Upload documents

Documents are the second most common knowledge source. Use them for content that doesn’t live on a public website — internal handbooks, exported wikis, product manuals.

In this guide:

  • Supported formats and sizes
  • Upload a single document
  • Upload many at once
  • What happens after upload
  • Troubleshooting

Supported formats

FormatNotes
PDFText-based PDFs only. Scanned/image PDFs won’t extract — OCR them first.
DOCXMicrosoft Word format. Tables, headings, and lists are preserved.
TXTPlain text. Best for raw exports.

Per-file size limits depend on your plan; in most plans single files cap at 25 MB. Larger files: split into sections and upload as multiple sources.

Step 1: Upload

Open Knowledge base → Add knowledge source → Document.

Drag a file into the dropzone, or click to browse.

Document dropzone Screenshot: The document upload dropzone with a file selected.

Click Add. The file uploads, the backend extracts text, and training begins.
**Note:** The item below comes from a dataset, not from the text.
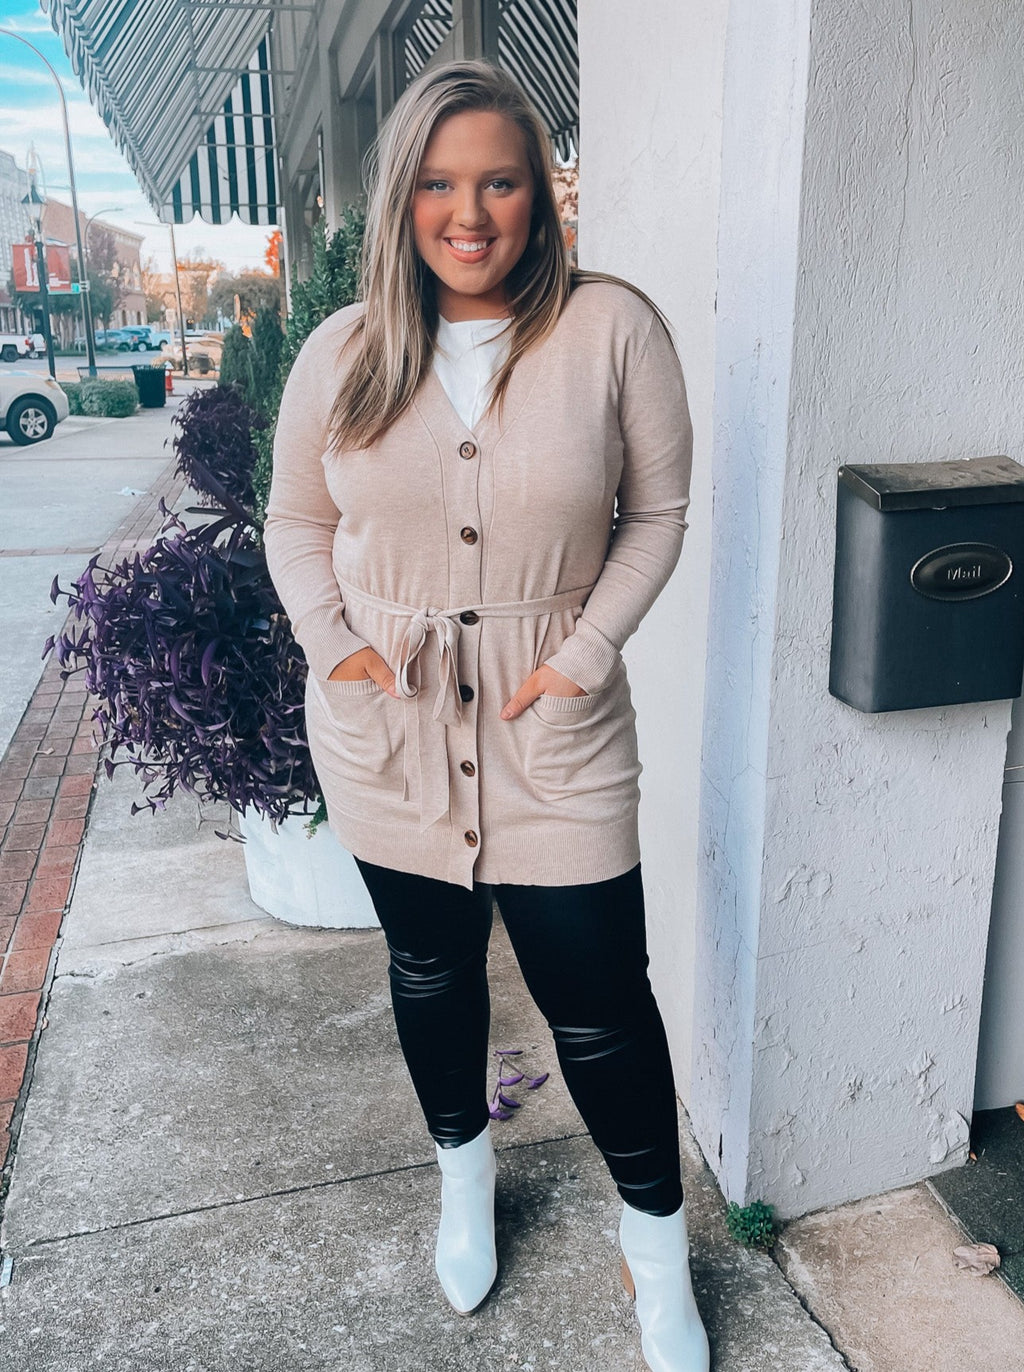 Cardigan features an open front detail, dreamy soft material, long sleeve detail, solid base color, waist tie detail, button down detail, functional pockets and runs true to size!

Step 2: Upload many at once

Select multiple files in the file browser (Cmd/Ctrl-click on macOS / Windows). Each becomes its own source — they show up as separate rows so you can manage them independently.

Filename becomes the source title. Rename later by editing the source.

Step 3: Verify extraction

After status reaches trained, click the source row. You’ll see:

  • Filename
  • Page count (PDFs) or word count
  • A preview of the first extracted text — your sanity check that the document came through readably

Step 4: Update a document

Documents are immutable in storage — to update, delete the old source and upload the new file. There’s no in-place edit (unlike Snippets and articles).

Auto-retraining for documents (New)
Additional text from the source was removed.